Other notable writers of the South during this period were Richard Henry Wilde the poet, now remembered by the song (from an unfinished opera) beginning, "My life is like the summer rose"; William Wirt, the essayist and biographer; and John Pendleton Kennedy, writer of essays and stories which contain many charming pictures of social life in Virginia and Maryland in the days "before the war."

[Sidenote: NEW ENGLAND AND THE WEST]

In New England was still another group, who fortunately avoided the name of any school. Sparks, Prescott, Ticknor, Story, Dana,--the very names indicate how true was Boston to her old scholarly traditions. Meanwhile Connecticut had its popular poet in James Gates Percival; Maine had its versatile John Neal; and all the northern states were reading the "goody goody" books of Peter Parley (Samuel Goodrich), the somewhat Byronic Zophiel and other emotional poems of Maria Gowen Brooks (whom Southey called "Maria del Occidente"), and the historical romances of Catherine Sedgwick and Sarah Morton.

[Illustration: JOHN PENDLETON KENNEDY]

The West also (everything beyond the Alleghenies was then the West) made its voice heard in the new literature. Timothy Flint wrote a very interesting Journal from his missionary experiences, and a highly colored romance from his expansive imagination; and James Hall drew some vigorous and sympathetic pictures of frontier life in Letters from the West, Tales of the Border and Wilderness and Warpath.
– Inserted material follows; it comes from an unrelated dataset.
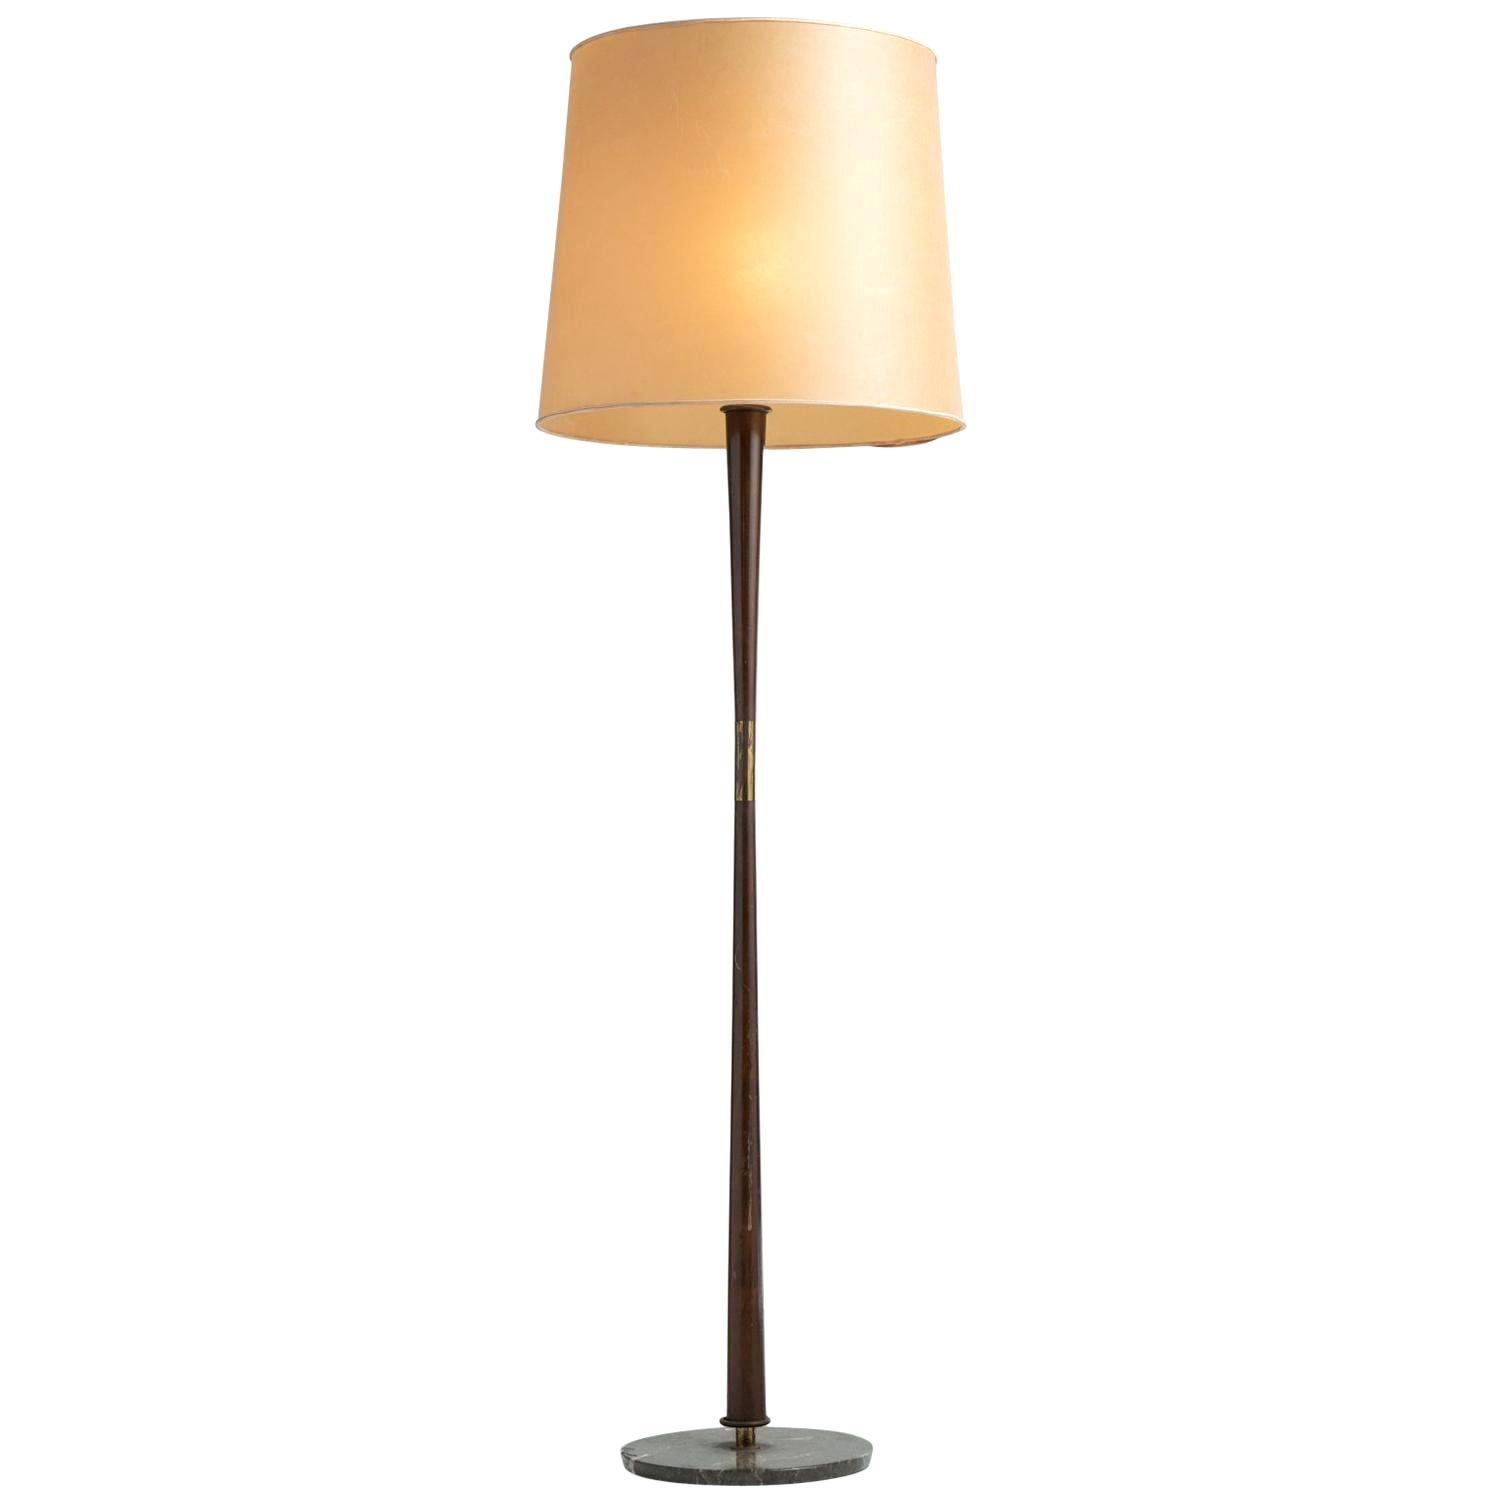 Wooden Floor Lamps Thebharatnewsco pertaining to sizing 1502 X 1502

There are many other writers who won recognition before 1840, but those we have named are more than enough; for each name is an invitation, and invitations when numerous are simply bothersome. For example, the name of Catherine Sedgwick invites us to read Hope Leslie and The Linwoods, both excellent in their day, and still interesting as examples of the novels that won fame less than a century ago; or the name of Kennedy leads us to Swallow Barn (alluring title!) with its bright pictures of Virginia life, and to Horseshoe Robinson, a crude but stirring tale of Revolutionary heroism. The point in naming these minor writers, once as popular as any present-day favorite, is simply this: that the major authors, whom we ordinarily study as typical of the age, were not isolated figures but part of a great romantic movement in literature; that they were influenced on the one hand by European letters, and on the other by a host of native writers who were all intent on reflecting the expanding life of America in the early part of the nineteenth century.